Reactions: Like 1 | Funny 3


----------



## Maverick (Oct 7, 2020)

TimR said:


> Thanks guys. I like using snakewood if for nothing but waiting for impending doom of a crack. Right @Eric Rorabaugh and @ripjack13 ?
> I’ve been lucky in none of my snakewood projects has resulted in any cracks. I know...shouldn’t have said that!



You are doomed for sure now.

Reactions: Agree 3


----------



## ripjack13 (Oct 7, 2020)

Just because you said that, my snakewood heard it and cracked....
Gee thanks Tim...

Reactions: Funny 3


----------



## ripjack13 (Oct 7, 2020)

Seriously though. That looks real good.

How do you make the mosaics? You should make a how to topic....


----------



## DKMD (Oct 7, 2020)

Very cool! Love the pins too!


----------



## TimR (Oct 7, 2020)

ripjack13 said:


> Seriously though. That looks real good.
> 
> How do you make the mosaics? You should make a how to topic....
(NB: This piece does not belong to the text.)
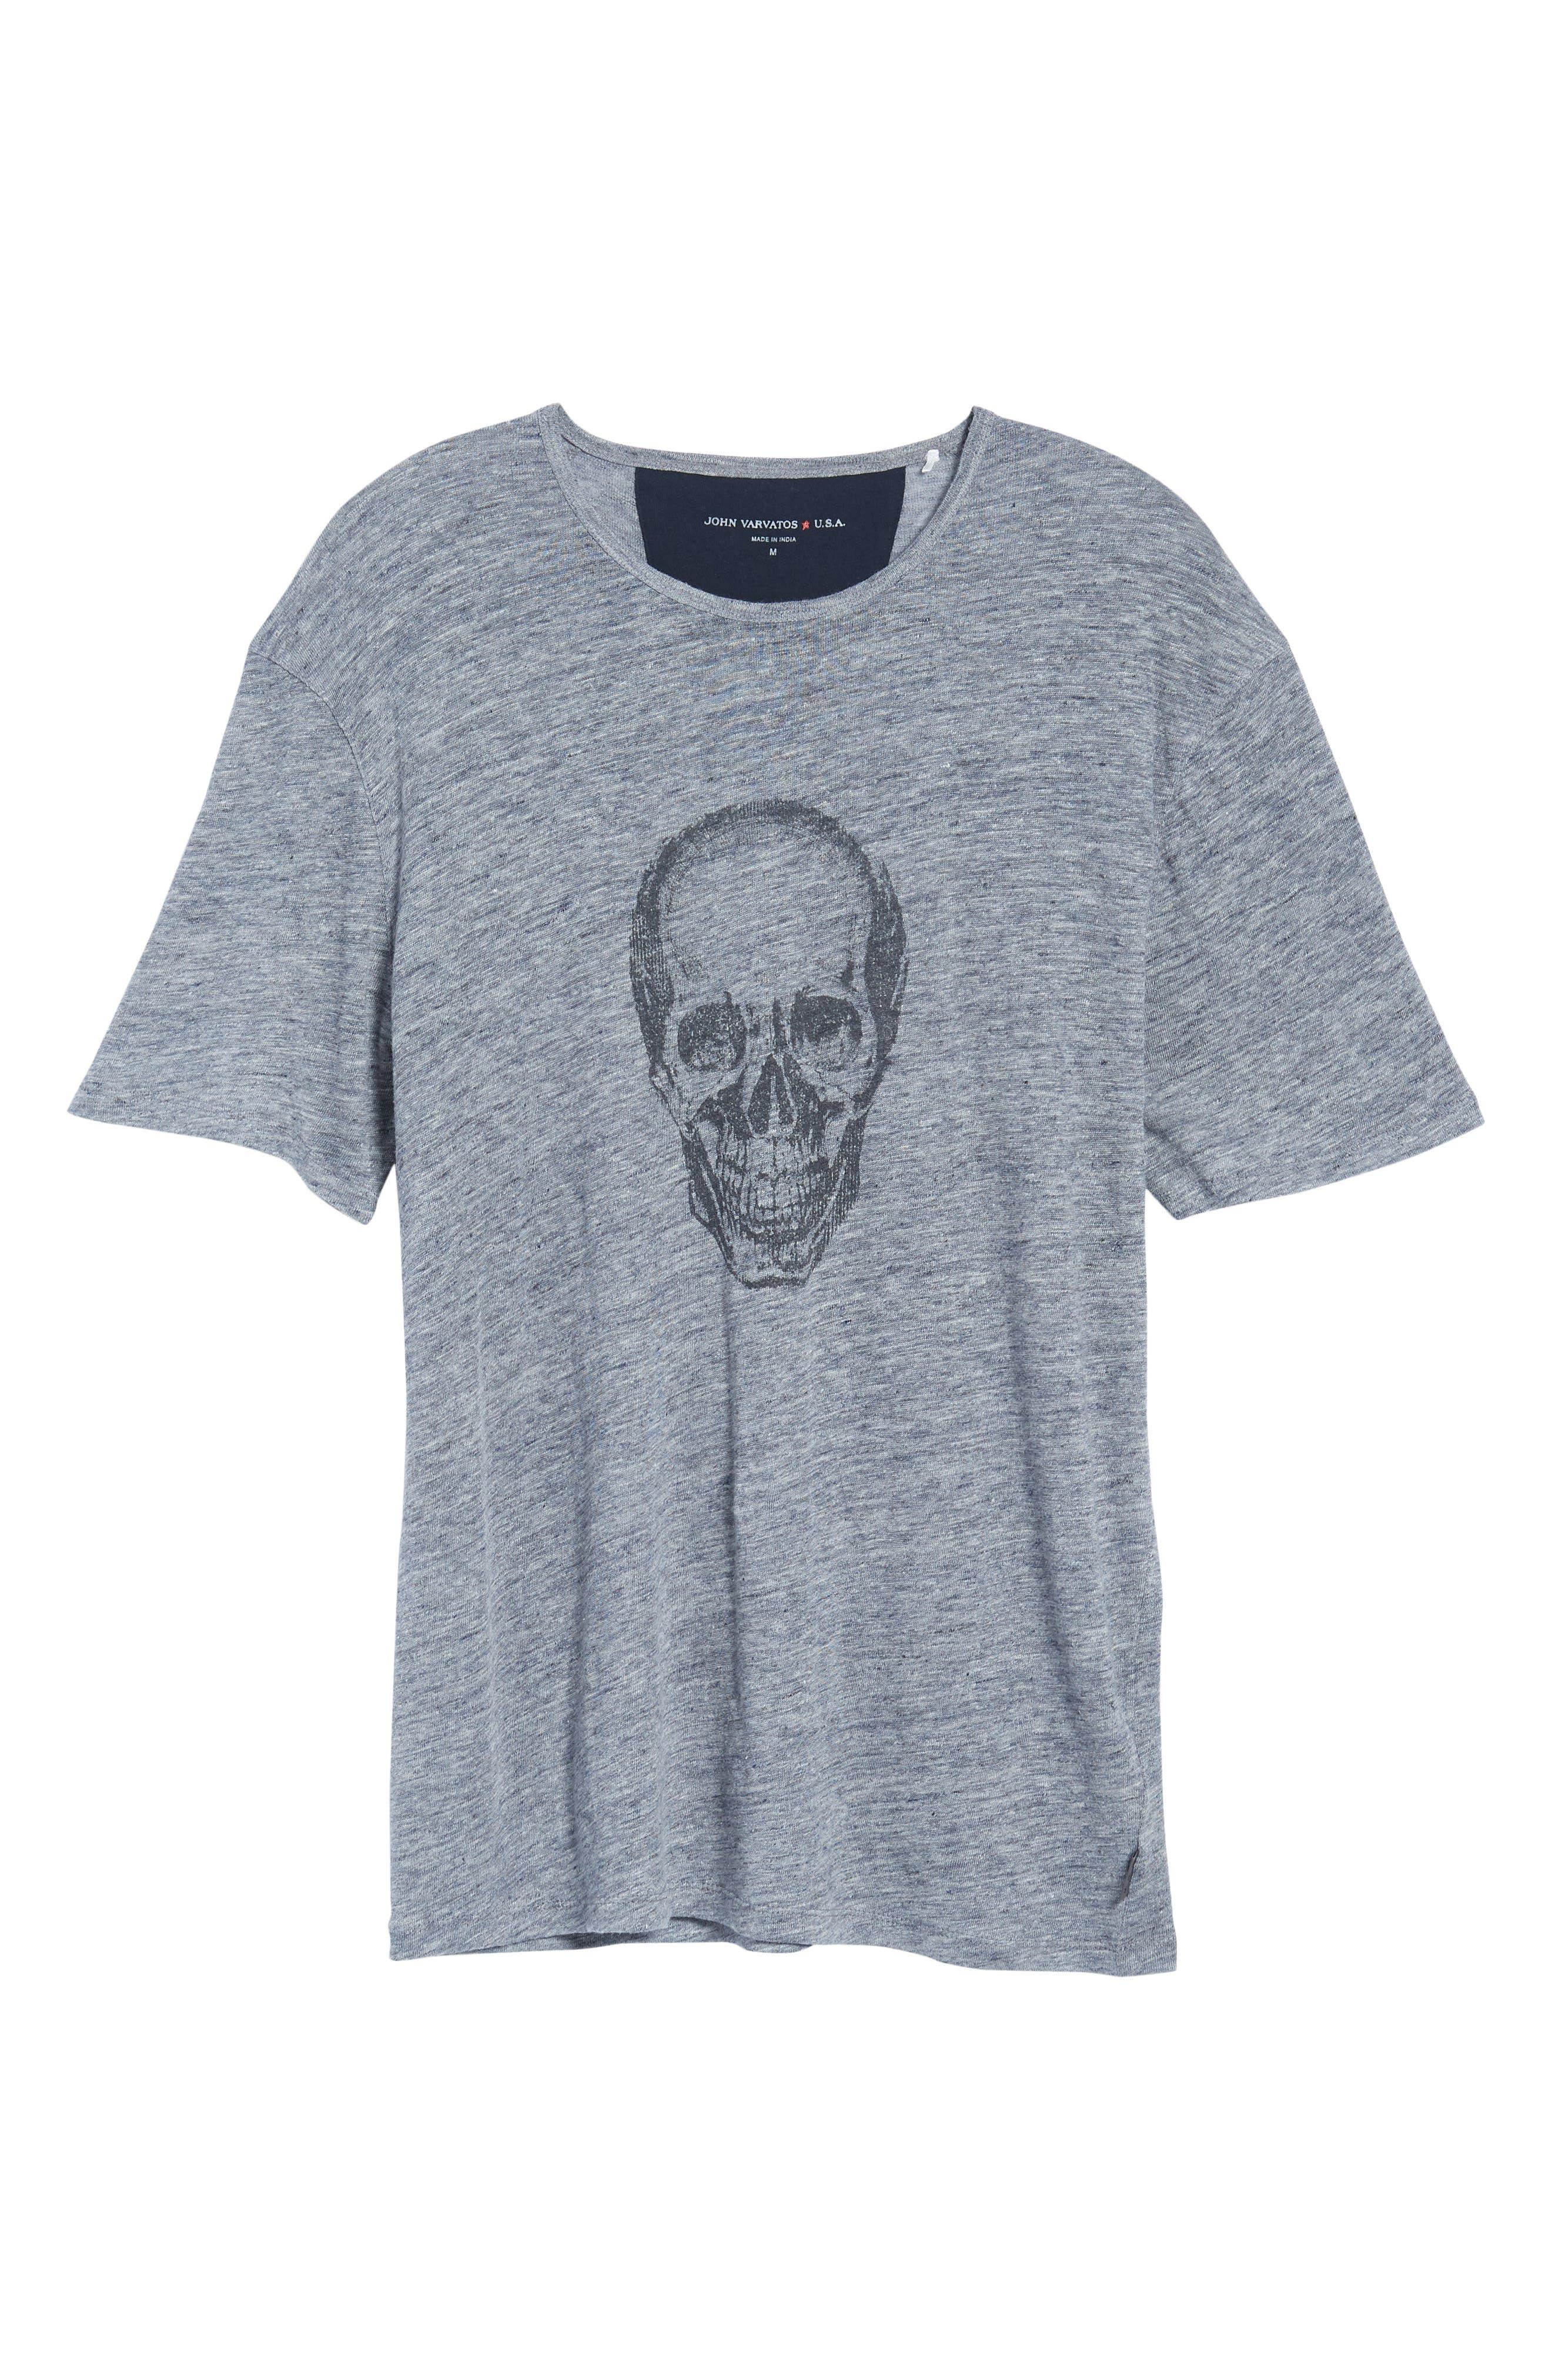 John Varvatos Crewneck Linen T-Shirt,                             Alternate thumbnail 6, color,                             Med Grey
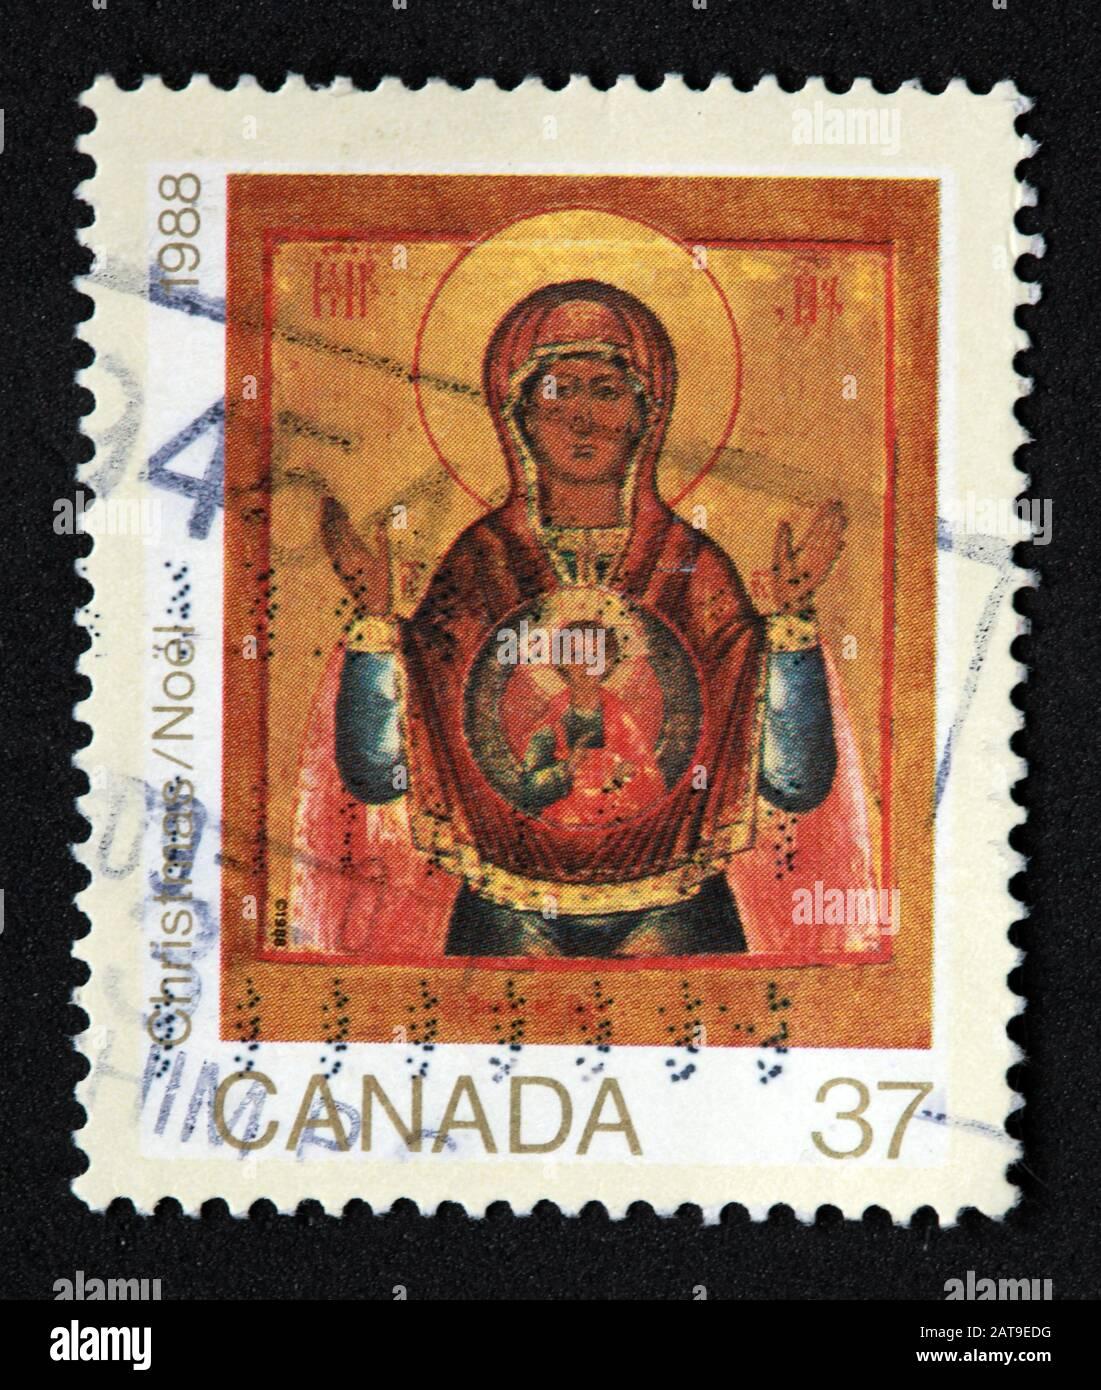 Dieses Stockfoto: Kanadische Briefmarke, Canada Stamp, Canada Post, used Stamp, Canada 37c Christmas, Xmas, 1988, Angel, Christ, Stamp - 2AT9ED

Thx Marc. I made the pins about 4 yrs ago, pretty sure I remember what I did.  The basic concept is to assemble the pieces, about 3-4” length max, epoxy up one end about 1/4”, let cure, then mix up some epoxy (Color as desired) in a Dixie cup, quickly place the rod open end into the wet epoxy and place under vacuum. Can’t mess around too long if using fast cure epoxy, the idea being to look for significant lessening of bubbles out of the epoxy, then slowly decrease vacuum to let epoxy get drawn up the tube. Get the tubes out of the vacuum chamber and place open side ofbtubes up while finish curing.

Reactions: Like 1 | Informative 1


----------



## Strider (Oct 9, 2020)

Gorgeous! I hope you didn't have any mishaps when making the hand. I've had it explode in my face several times!

Reactions: Thank You! 1


----------



## Mike1950 (Oct 9, 2020)

Nice- Pins are beautiful-Love look of snakewood- hate using it

Reactions: Like 1


----------



## Bean_counter (Oct 12, 2020)

Awesome knife! Has it cracked yet?

Reactions: Funny 1


----------



## TimR (Oct 12, 2020)

I’ll never tell

Reactions: Funny 1


----------



## NeilYeag (Oct 21, 2020)

Really nicely done. The pins are fantastic. My experience is that it is a pain to keep them straight and square during the glue up.

Great!


----------